Saturday, July 21, 2018

Weekend Guest Blogger: Reed Farrel Coleman

Called a hard-boiled poet by NPR’s Maureen Corrigan and the noir poet laureate in the Huffington Post, Reed Farrel Coleman is the New York Times-bestselling author of thirty novels, short stories, essays, and poetry. He writes the Jesse Stone novels for the estate of the late Robert B. Parker and has been hired by film director Michael Mann to write the prequel novel to the movie Heat. Reed is a four-time Edgar Award nominee in three different categories and a four-time recipient of the Shamus Award for Best PI Novel of the Year. He lives with his wife on Long Island.

Bob’s Company

By Reed Farrel Coleman

Recalling those days in 2013, I realize what a risk we were all taking. Probably a good thing I didn’t overthink it back then. Also a good thing that neither the estate of the late Robert B. Parker nor GP Putnam Sons had a bout of buyer’s remorse. I had hired on to take over the authorship of the bestselling Jesse Stone series. When I was offered the chance, not only didn’t I overthink it. I guess I didn’t think about it at all. I jumped. And as with many of the best things in life, jumping was the way to go. But you can’t avoid the thinking forever.

Having taken the gig, I had a lot of things to figure out. Should I try to imitate Bob’s writing style? How could I be true to Jesse and yet make him my own? These two questions are actually bound together, because the language a writer uses, the style he chooses, affect how the reader sees the character. And believe me, when you take on a beloved character, one portrayed on TV by Tom Selleck, you better have some idea of what you’re doing. You see why it was a good thing I didn’t overthink it before saying yes?

I’ve told the story many times about how my conversation with my friend and colleague Tom Schreck helped me decide how to handle taking on this responsibility. Tom is a huge Parker fan—even has a cat named Spenser—and an even bigger Elvis Presley fan. When I told Tom that I wasn’t sure if I should try to imitate Bob Parker’s style, he said this: “Reed, I’ve seen the best Elvis impersonators in the world. Some of them are really amazing, but there are two things I can’t get past. No matter how good they are, I never forget it isn’t really Elvis up there and they can never do anything new. They’re trapped.” Those words decided how I would handle the series. I decided to be true to the characters and to the format—short chapters, lots of dialogue, lots of banter between Molly and Jesse—but that the style would develop as I wrote the novels.

Well, my fifth Jesse Stone novel, Robert B. Parker’s Colorblind, is due out on September 11, 2018. The first four I’ve done have all made the New York Times list. I give the credit for that to how well the reading public loves the Jesse Stone character and, I guess, to the fact that I’ve made some good choices. Still, through the first three books, Jesse never quite felt like my character.
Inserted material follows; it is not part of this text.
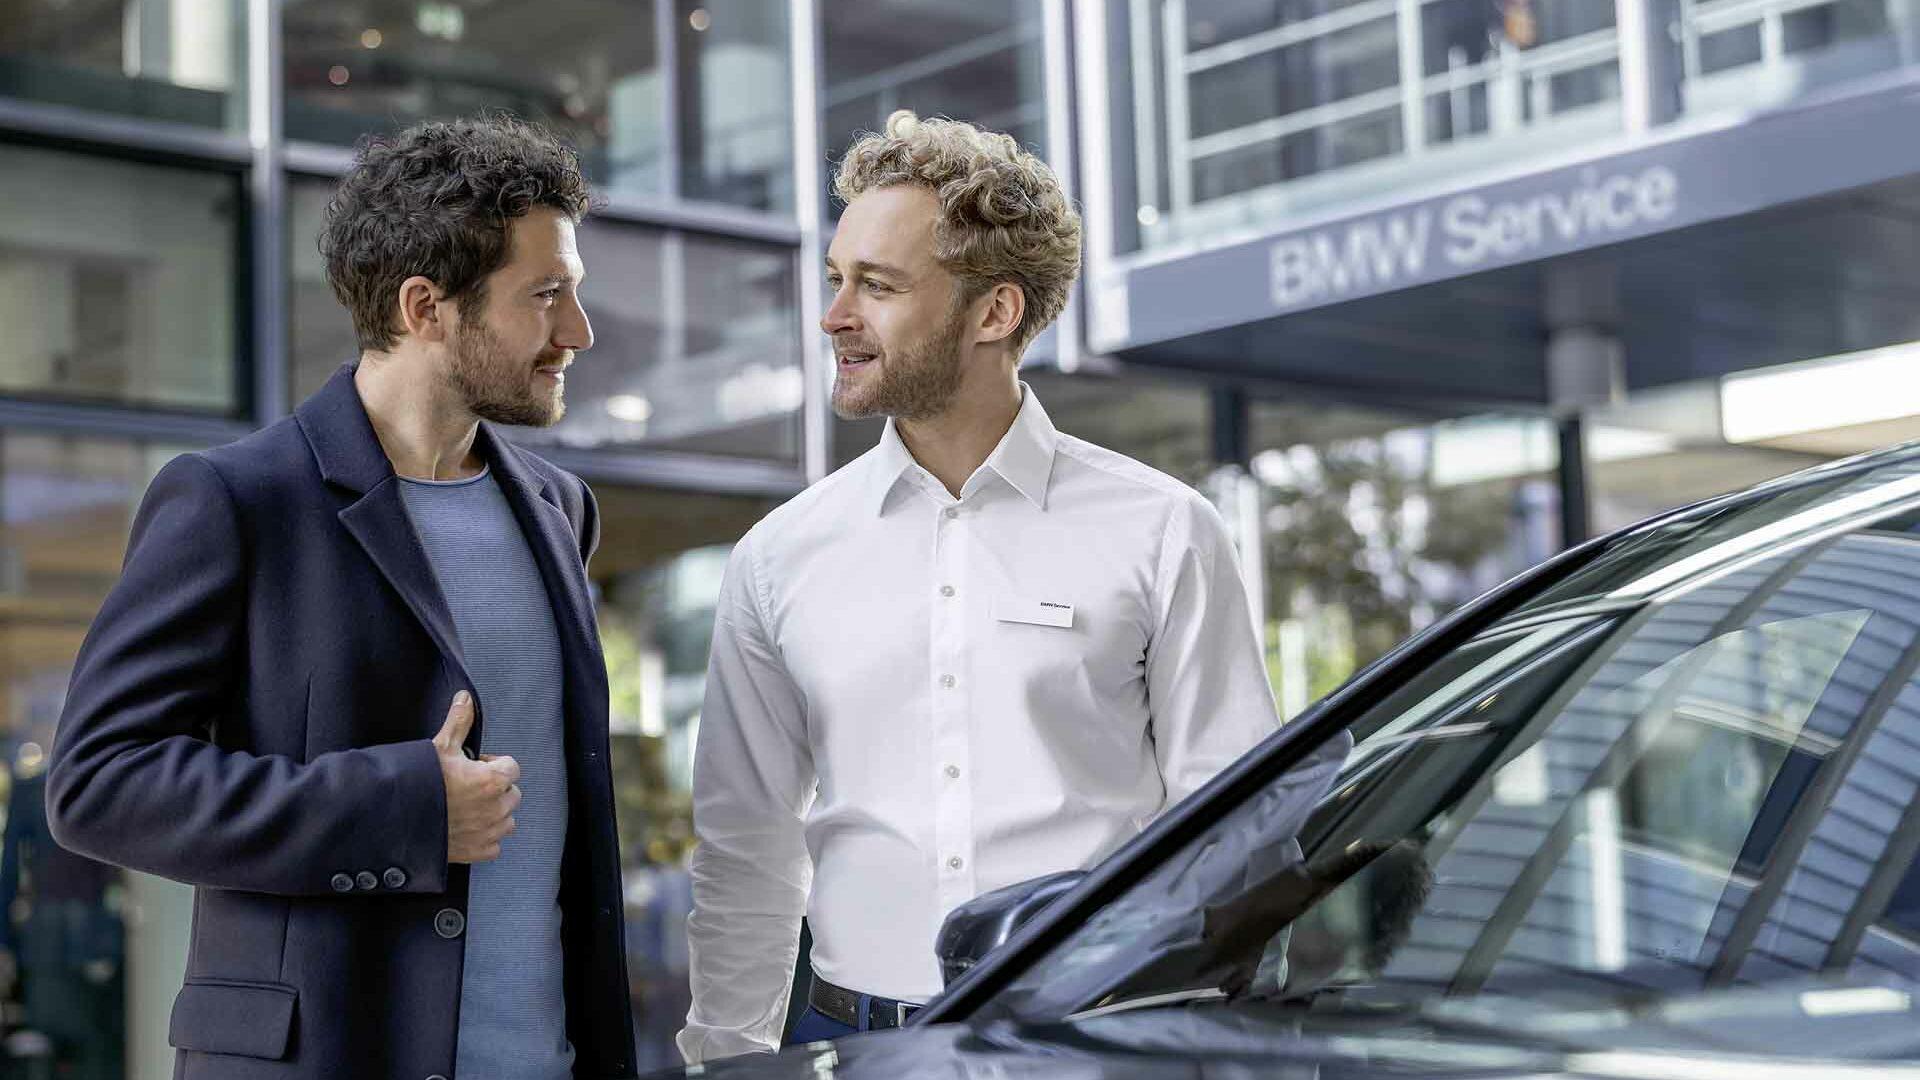 BMW Service Felix Bottrop

I was always very conscious as I wrote of Bob Parker’s presence. It wasn’t quite like asking myself what would Jesus do, but it was something like that. Not until I wrote Robert B. Parker’s The Hangman’s Sonnet, my fourth Jesse novel, did Jesse begin to feel even a little bit like my character. Oddly, I hope he never feels totally like mine. I enjoy Bob’s company and would hate it if he ever stopped looking over my shoulder.